Saudi British Bank (SABB) and Alawwal bank said in a statement on Thursday they had agreed to combine to create the country’s third largest bank in the latest sign of consolidation in the sector.

 

 

Al-Olayan is one of the members to be nominated by Alawwal’s board of directors, Argaam, a Saudi Arabian financial news portal, reported on Thursday.

Lubna Sulaiman Al-Olayan

 

The proposed merger, which is still subject to shareholder and regulatory approval, coincides with a number of financial sector reforms in Saudi Arabia.

“Our bank will supply entrepreneurs with the financial tools needed to grow and create jobs and we will have enhanced capacity to underwrite large-scale transactions to support infrastructure and privatisation projects,” said SABB Chairman Khaled Suleiman Olayan.

No involuntary staff redundancies are expected as a result of the merger, the pair said in a statement on Thursday. Neither will there be any immediate change for customers as both banks will remain independent until the merger has completed.

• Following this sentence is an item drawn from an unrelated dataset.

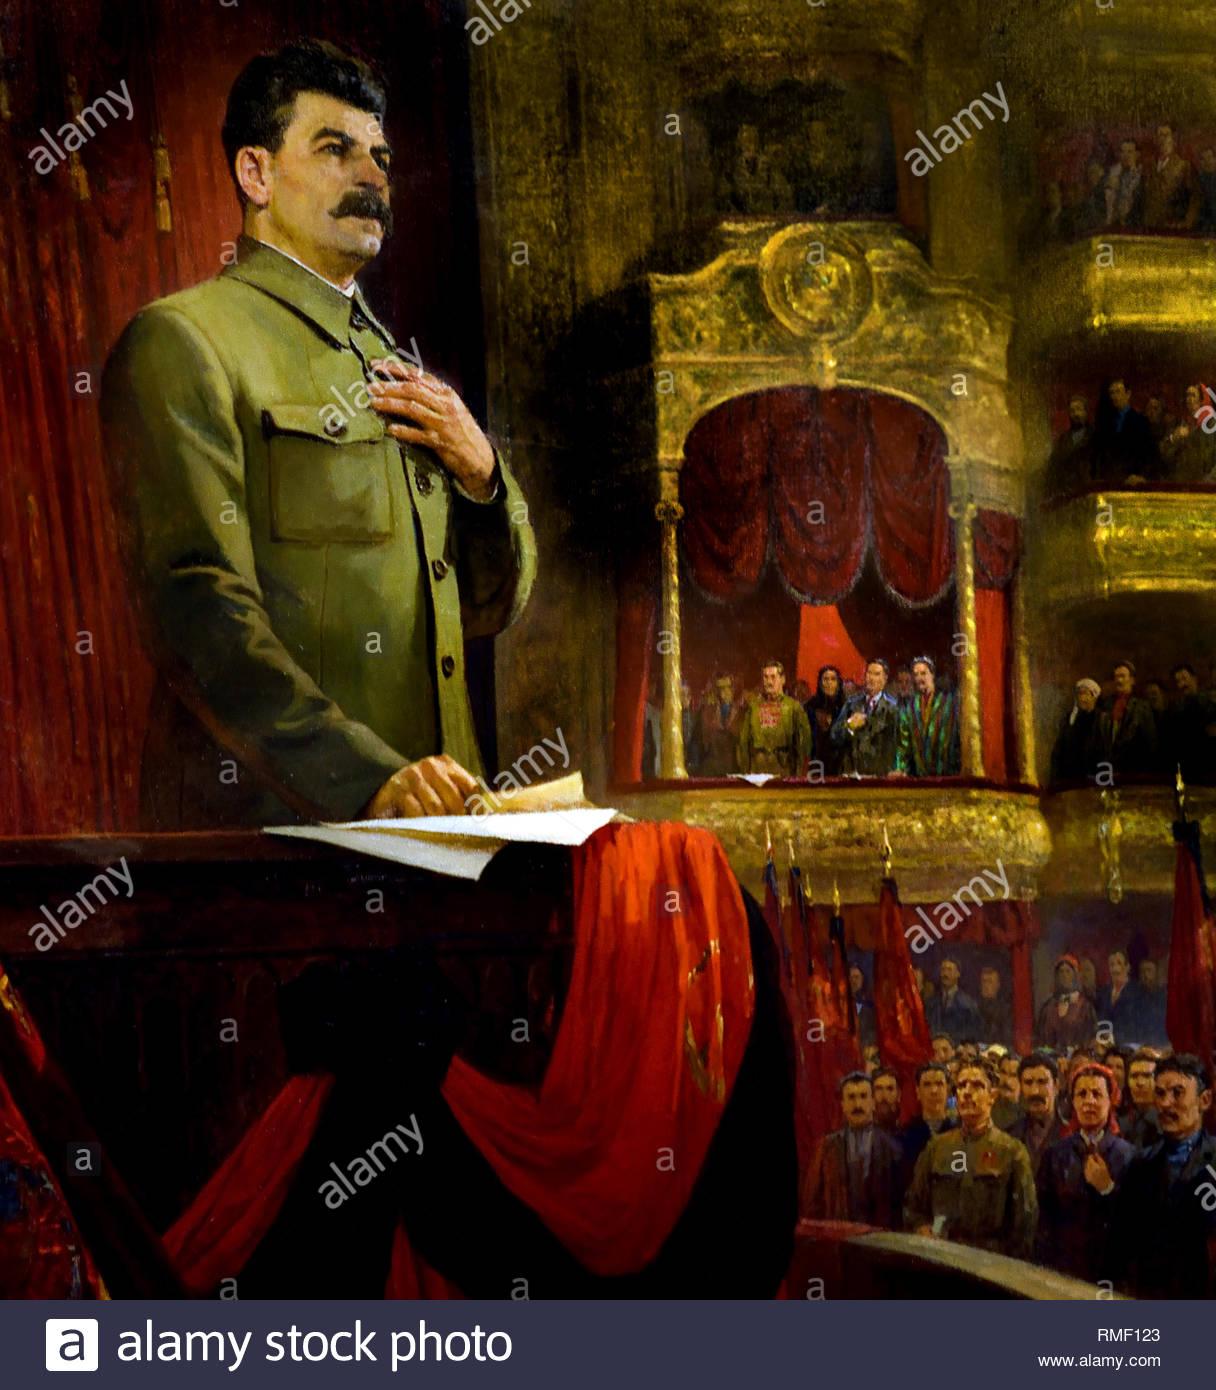 Formation of the USSR on December 30, 1922 Joseph Stalin. Soviet Union Communist Propaganda (Russia under Lenin and Stalin1921-1953 ). - Stock Image
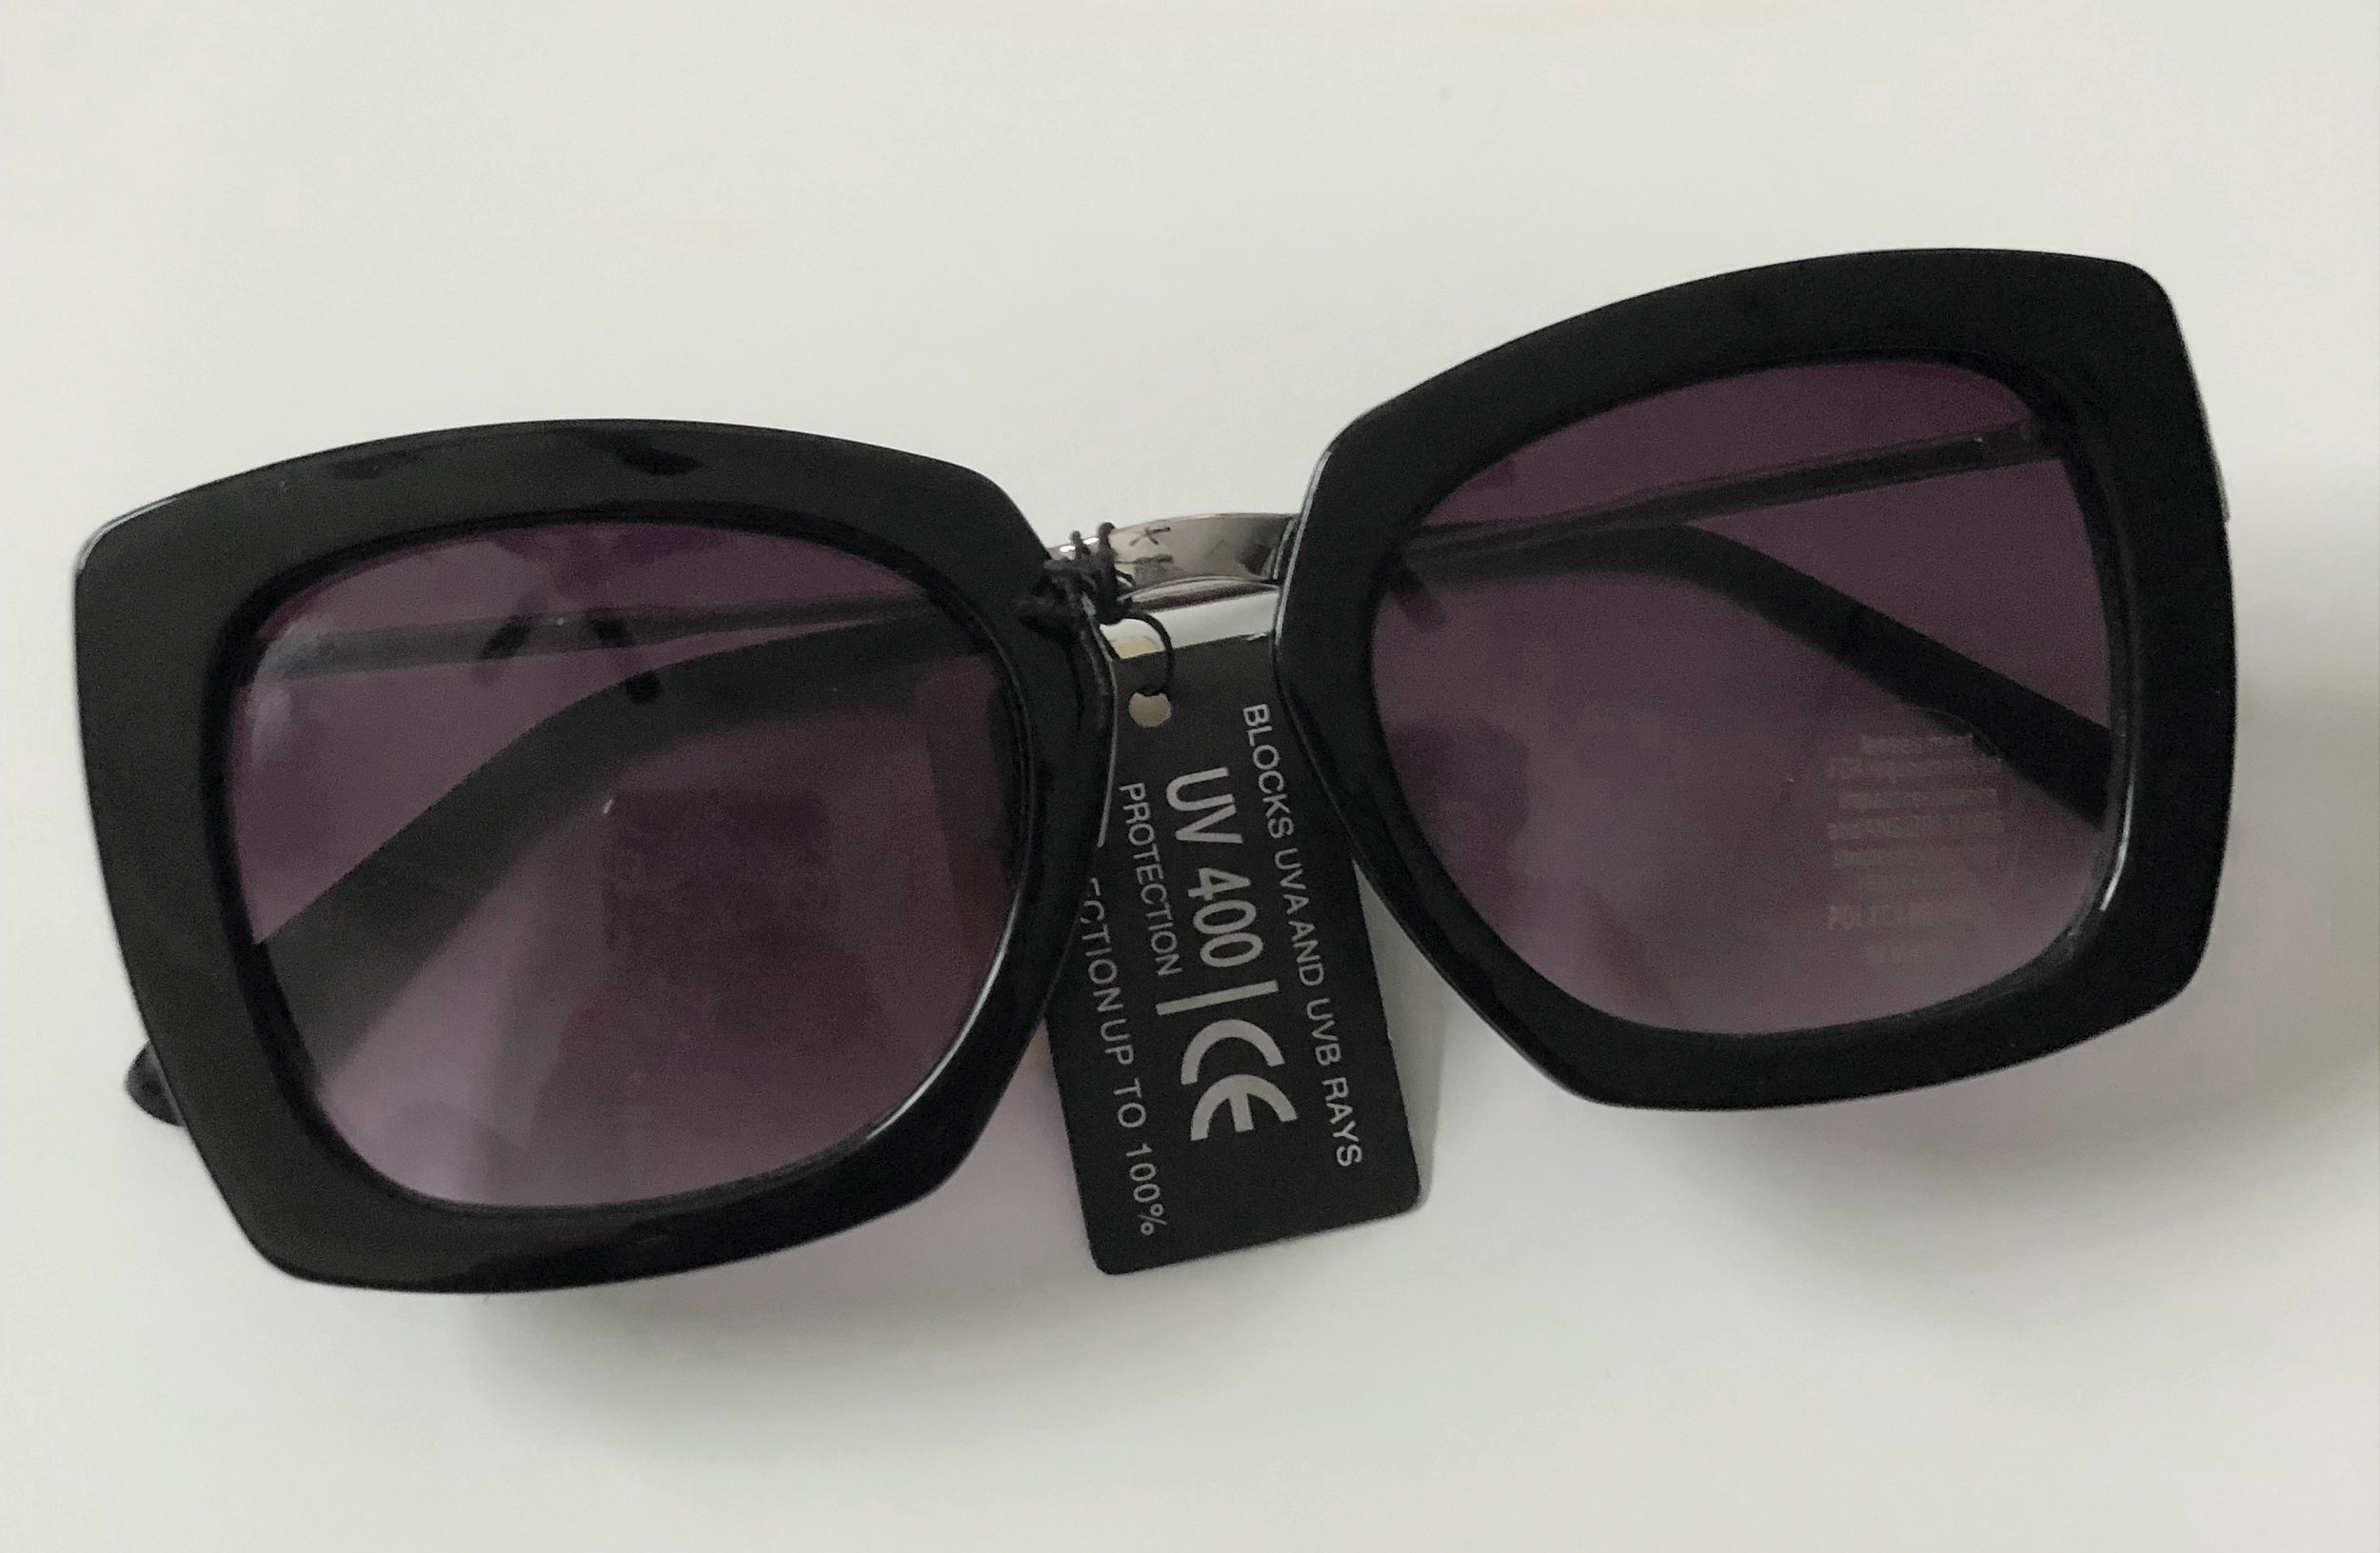 Sunglasses $9.50 I love some good shades!

Banks throughout the Gulf are mulling merger deals as the industry reacts to both changing economic realities and the advance of digital banking that is replacing many of the roles that previously required staff.
“When banks merge the key savings are on employee costs given the service oriented nature of this sector,” Mazen Alsudairi head of research at Al Rajhi Bank, told Arab News.
“So, as per the merger announcement and our calculations, around SR450 million to SR650 million are the savings expected in the future for the combined entity.”